Chassez le naturel, il revient au galop !

12 décembre 2012 par - Vue(s) d'Europe

Le verre d’eau est-il à moitié plein ou à moitié vide ? C’est la question que l’on est en droit de se poser à l’issue du débat d’orientation sur le droit d’auteur qui s’est tenu entre les commissaires européens le 5 décembre dernier à Bruxelles.
Certes, dans le plan d’action défini par la Commission pour 2013-2014, ne figure plus une réforme en profondeur de la directive de 2001 sur le droit d’auteur dans la société de l’information ni l’ajout de nouvelles exceptions. Certes, la Commission semble désormais ouverte au dialogue avec les professionnels pour envisager un avenir durable pour le droit d’auteur qui est la garantie d’une juste rémunération pour les créateurs.

A l’évidence, la mobilisation réussie des 18.000 créateurs européens qui ont signé la pétition lancée par la Société des Auteurs de l’Audiovisuel (SAA) a eu une forte influence dans cette nouvelle démarche, moins va -t’en guerre, de la Commission sur le droit d’auteur.

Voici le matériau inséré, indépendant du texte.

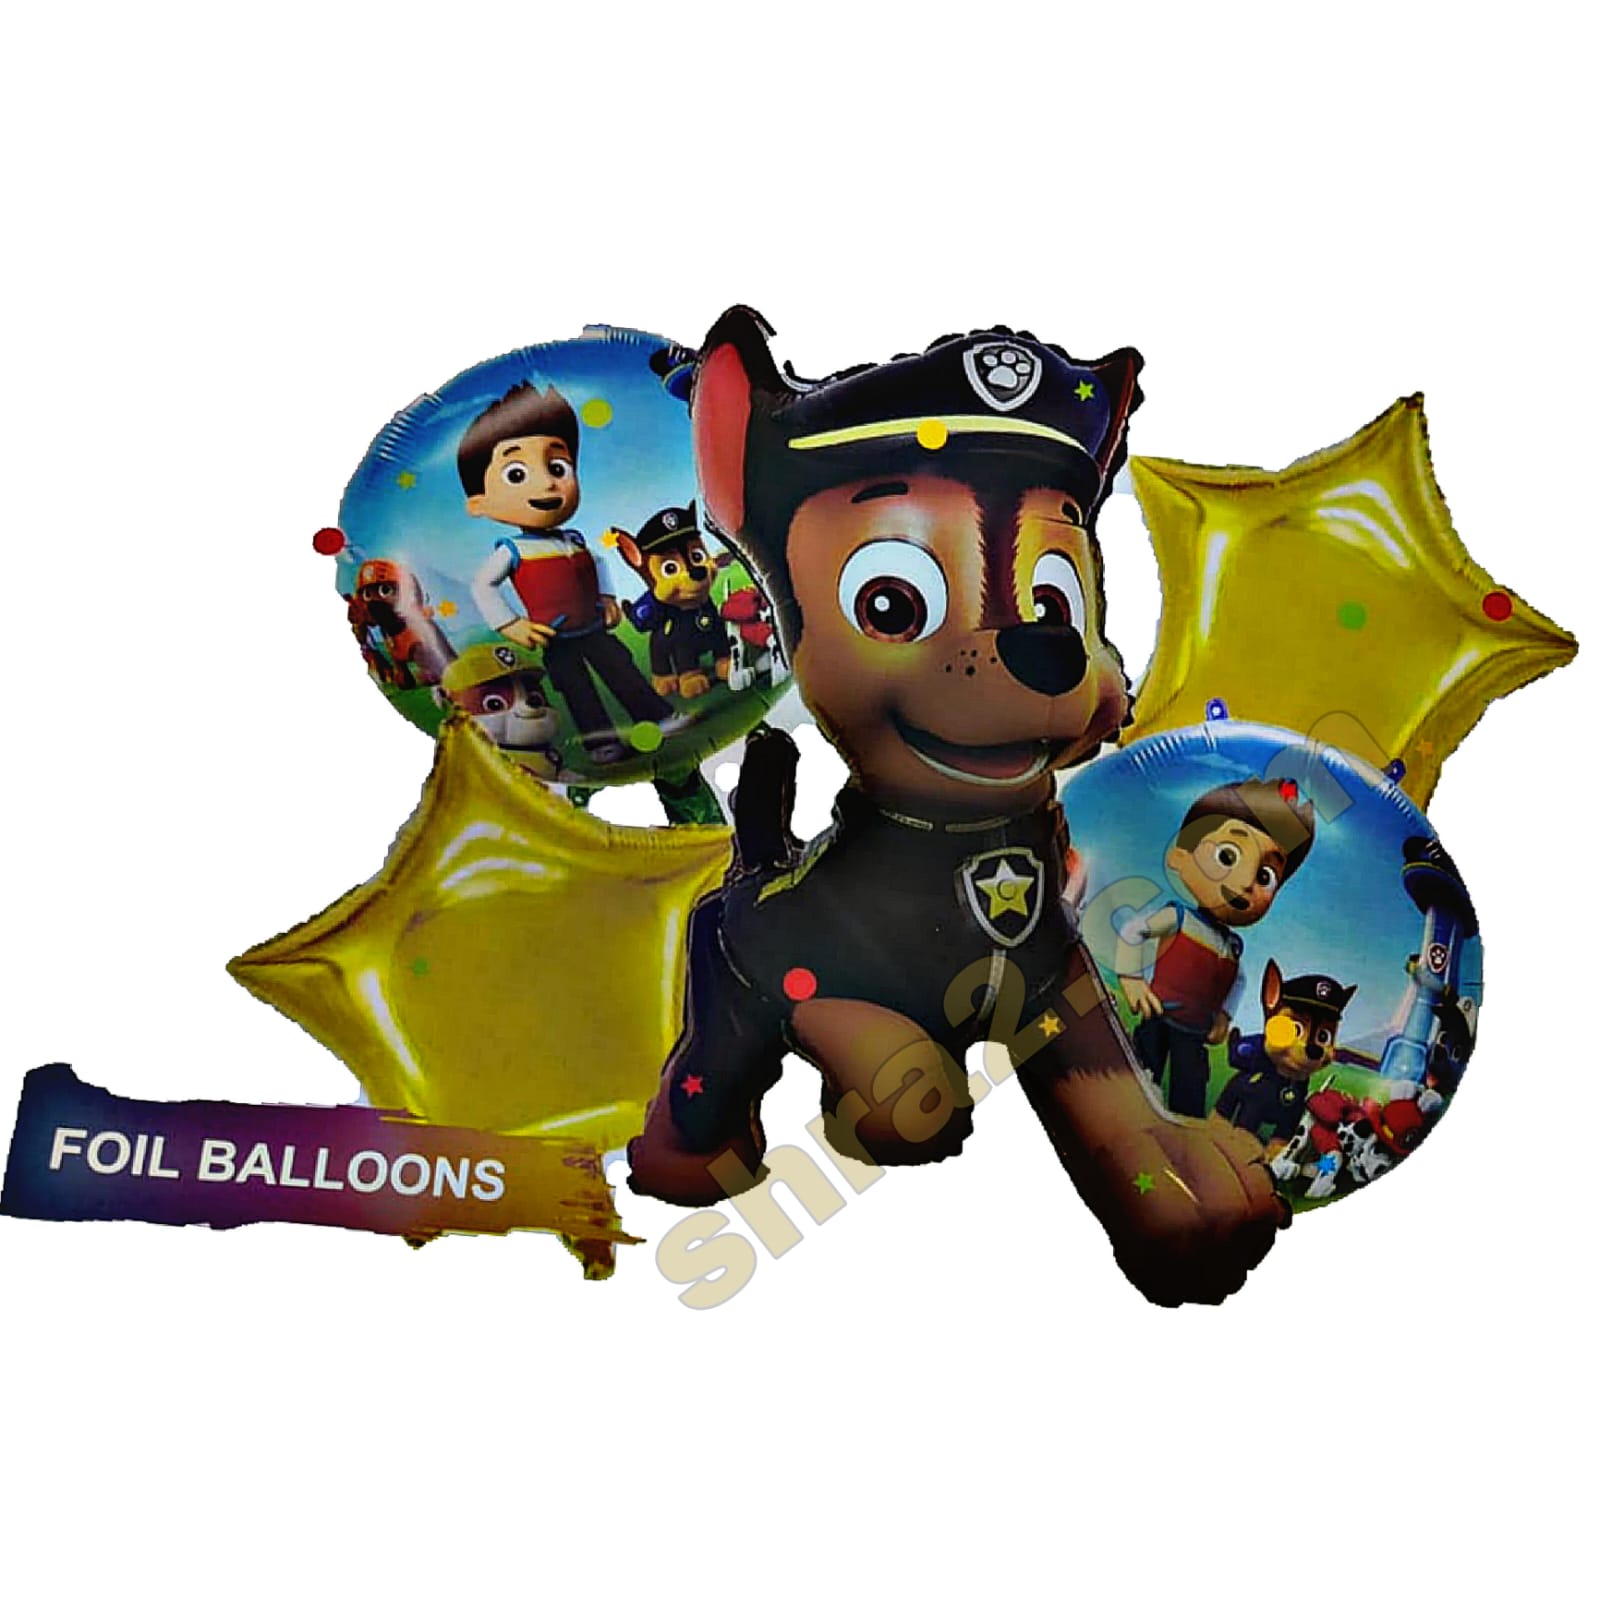 مجموعة بالونات باو باترول دورية المخالب تشيس chase foil balloons set
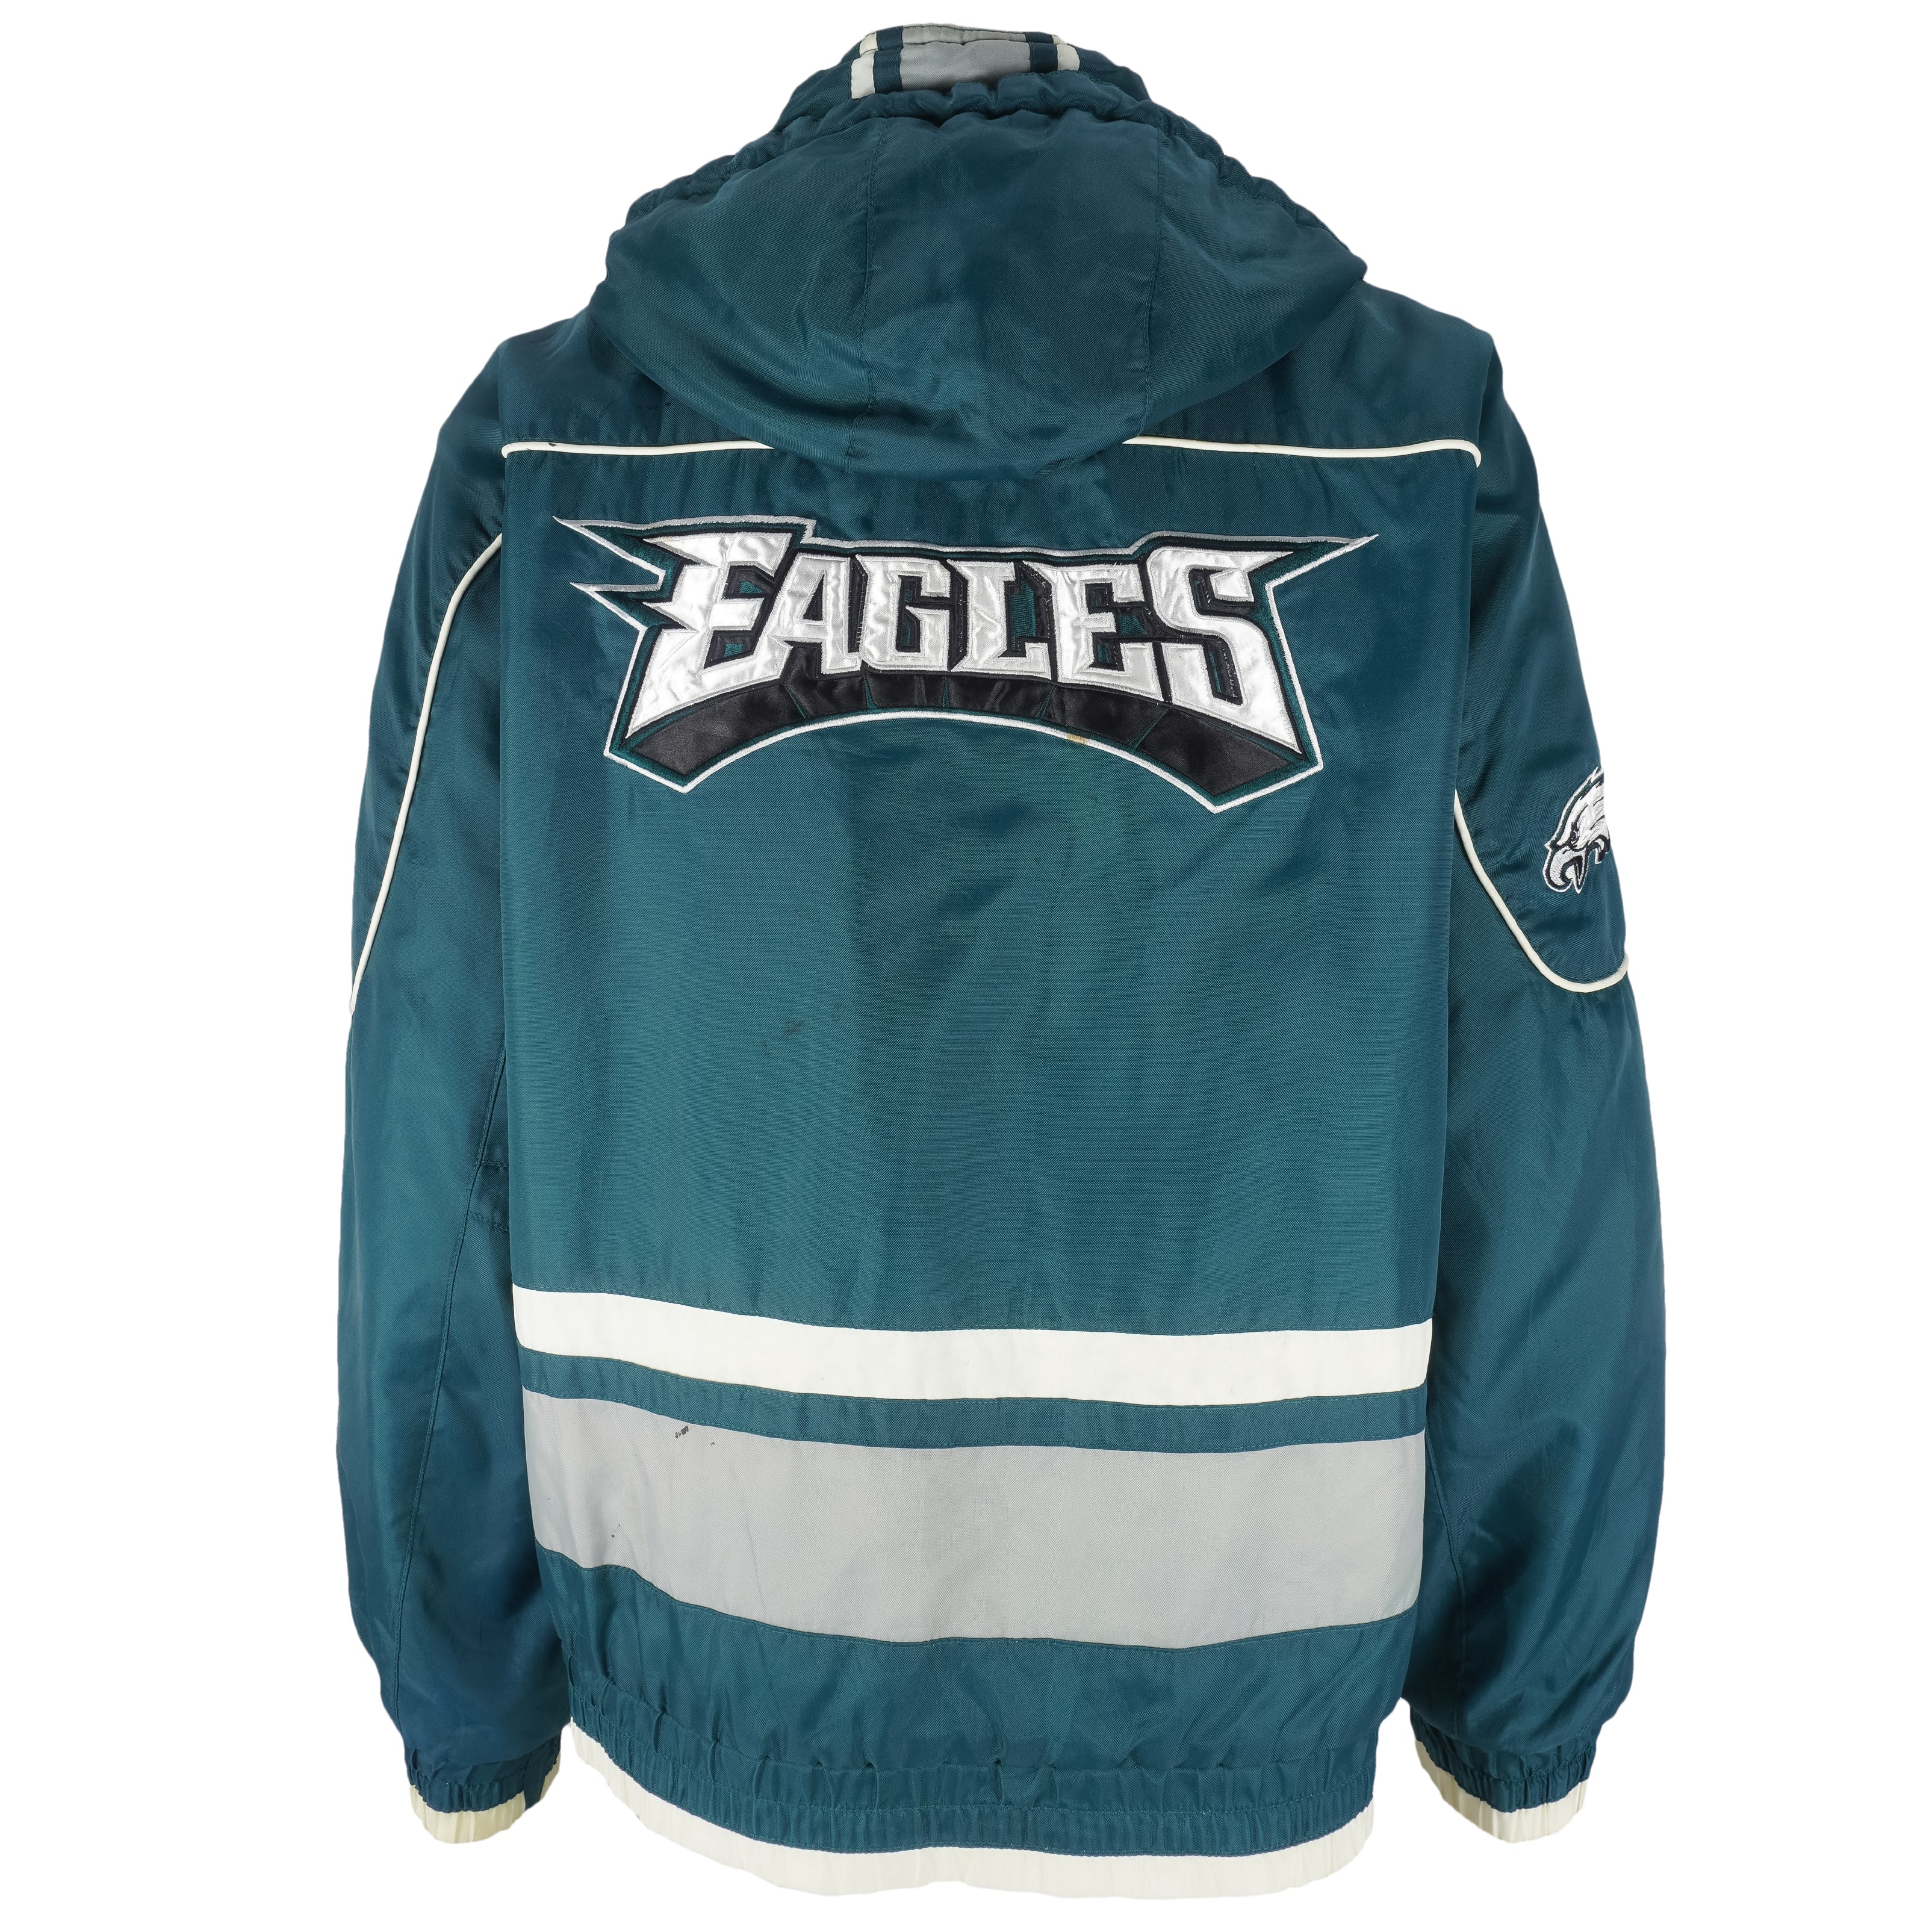 Vintage 90s Philadelphia Eagles NFL Pro Line Starter Puffy Jacket - XL

Toutefois, elle n’a pas été suffisante pour échauder Neelie Kroes, Vice-Présidente de la Commission, en charge de notamment du Numérique, qui s’est fendue, 2 jours après cette réunion des commissaires, d’un blog très agressif à l’encontre du droit d’auteur.

Celui-ci est encore accusé de tous les maux : un anachronisme à l’heure de Facebook et Youtube (oubliant au passage qu’il y a aussi des acteurs européens comme DailyMotion) ; un facteur bloquant pour l’accès aux œuvres ; un facteur de frustration pour ceux qui regrettent la fragmentation du marché. C’est parfois même à se demander si le droit d’auteur ne serait pas non plus un peu responsable de la crise des finances publiques en Europe !

Soyons sérieux, c’est en Europe que le droit d’auteur a été créé il y a plus de 200 ans, et qu’il s’y est épanoui grâce à son adaptation permanente aux nouvelles technologies. Rien ne justifie de penser que le droit d’auteur est une anomalie à l’ère du numérique. Rappelons à Mme Kroes qui feint de l’ignorer que la SACD, par exemple, a signé des accords permettant la rémunération des auteurs sur les plateformes DailyMotion et You Tube. Rappelons-lui également que la fragmentation des marchés européens audiovisuels et cinématographiques  tient beaucoup à la diversité linguistique qui y existent et à des mécanismes de financement qui répondent à des logiques d’exclusivité et des marchés dont la cohérence est encore nationale. Rappelons-lui enfin que la SACD milite depuis des années pour une obligation d’exploitation permanente et suivie des œuvres qui obligerait les détenteurs de droits à exploiter les œuvres sur des plateformes légales, à l’issue des périodes d’exclusivité.

Céder au modernisme et au consumérisme en s’attaquant en permanence au droit d’auteur peut sans doute permettre de se sentir moderne mais cela n’en fait sûrement pas une ambition crédible pour une Europe en quête de sens, de repère et d’identité.

Bref, cette nouvelle sortie publique de Neelie Kroes a le mérite de montrer à tous les défenseurs de la culture que les promesses n’engagent que ceux qui les écoutent et que la mobilisation reste encore le moyen le plus sûr d’éviter des initiatives négatives pour la création et le droit d’auteur.